Defendants further contend that several affirmative defenses defeat Plaintiff’s motion; specifically, Defendants argue that COVID-19 related orders frustrated Defendants’ intention of operating a restaurant and made it impossible and impracticable to do so. Notably, Defendants’ contractual obligation was to pay Plaintiff the amount due under the loan agreement and guaranty, and “[n]othing about the pandemic or resulting closure orders” made Defendants’ “performance of its obligation to [Plaintiff] . . . impossible.” (SVAP III Poway Crossings, LLC v. Fitness International, LLC, supra, 87 Cal.App.5th at p. 893; see also Fitness International, LLC v. KB Salt Lake III, LLC (2023) 95 Cal.App.5th 1032, 1502 [party was not prevented from paying rent because of the COVID-19 pandemic where it conceded it had the funds to pay rent].) Even assuming the pandemic qualified as a force majeure event, Defendants must show that their performance was rendered extremely difficult, expensive, or would involve loss (West Pueblo Partners, LLC v. Stone Brewing Co., LLC (2023) 90 Cal.App.5th 1179, 1188) due to the pandemic, and there is no evidence so indicating.
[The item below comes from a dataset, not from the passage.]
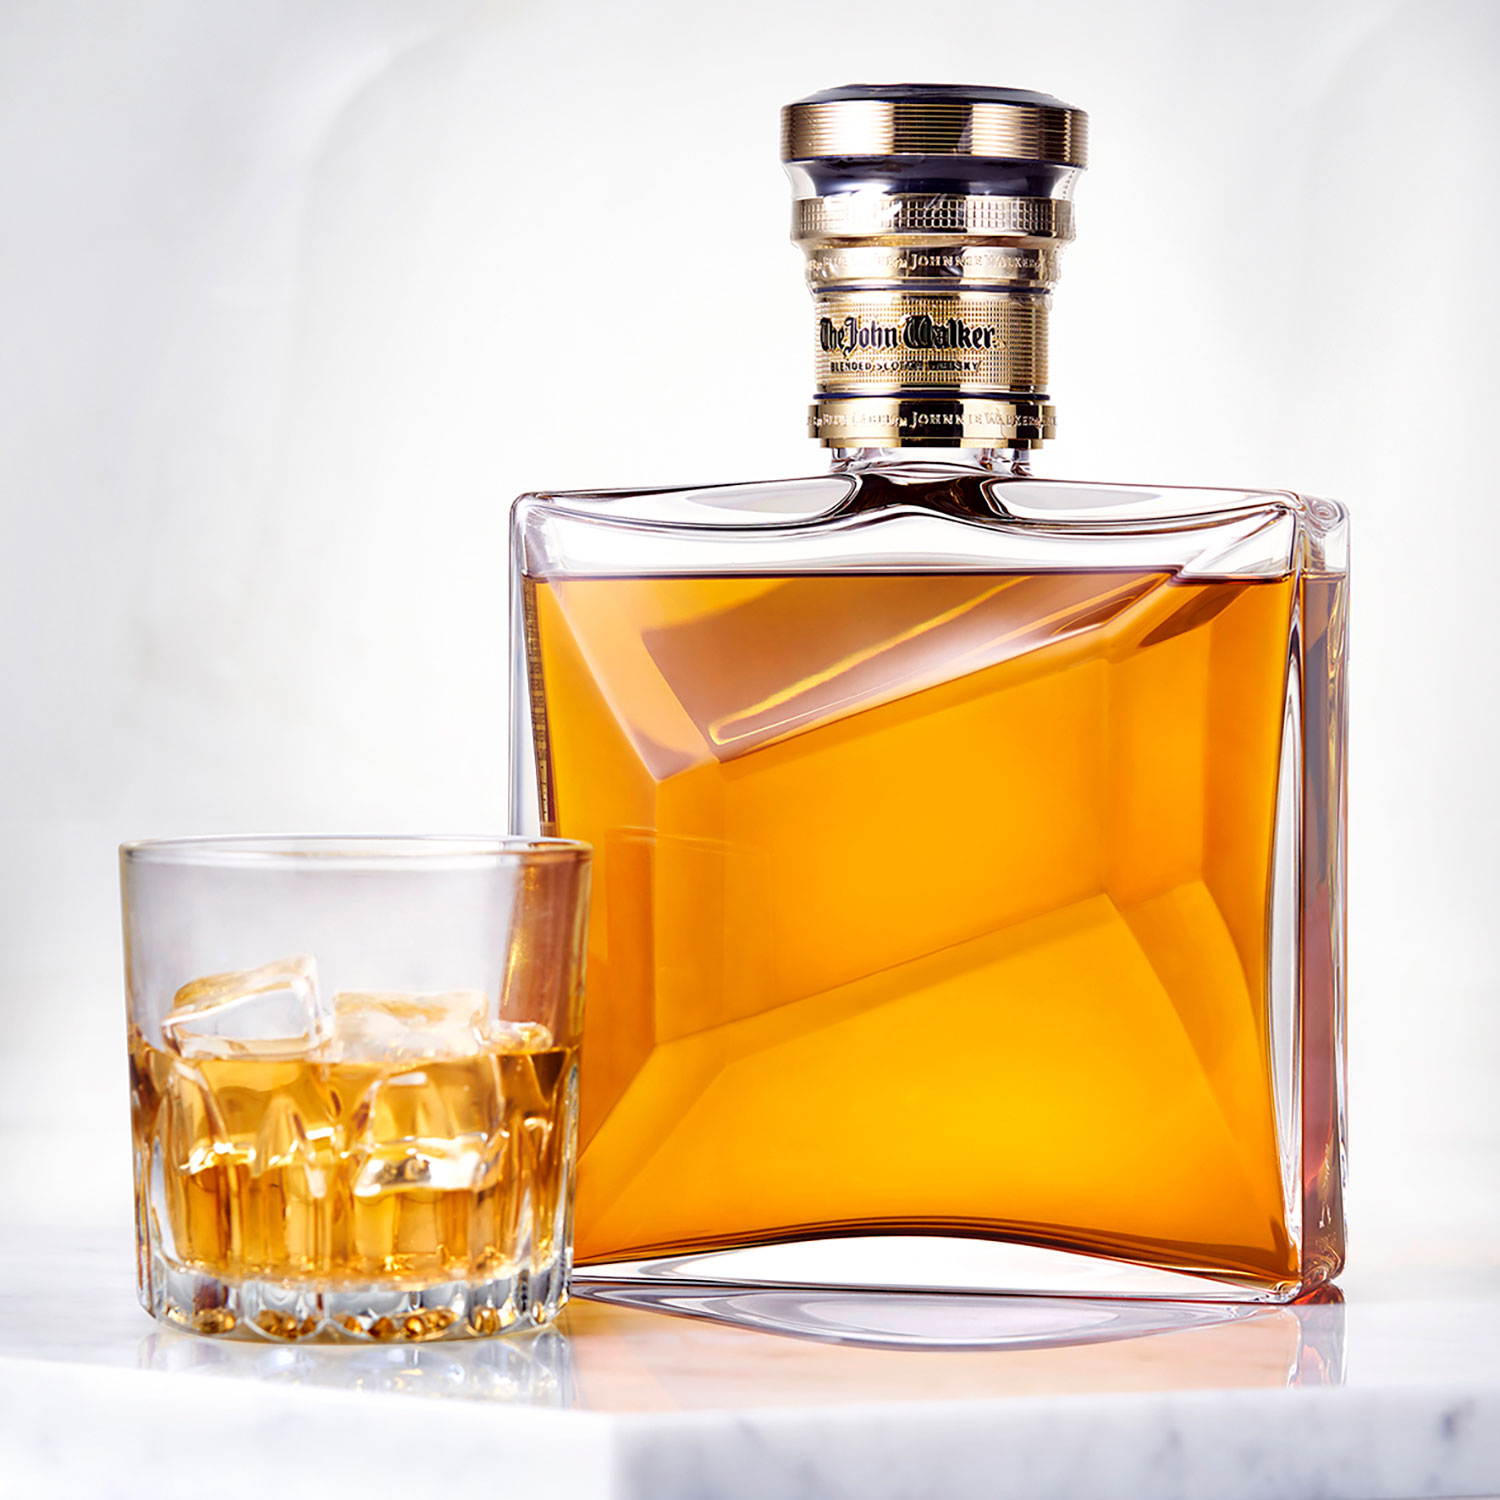 scotch-whisky-product-photography-8

Accordingly, Plaintiff ARF Financial, LLC. f/k/a Advance Restaurant Finance, LLC.’s Motion for Summary Judgment Pursuant to CCP 437c is GRANTED in the amount of $442,236.66. Plaintiff ARF Financial, LLC. f/k/a Advance Restaurant Finance, LLC. shall prepare, serve, and submit a proposed judgment as per statute. Plaintiff’s right to recover attorney fees shall be determined in a subsequent noticed motion for attorney fees.

Evidentiary Objections
Defendants object to certain statements within the declaration of Vince Monard. Defendants’ objections are OVERRULED.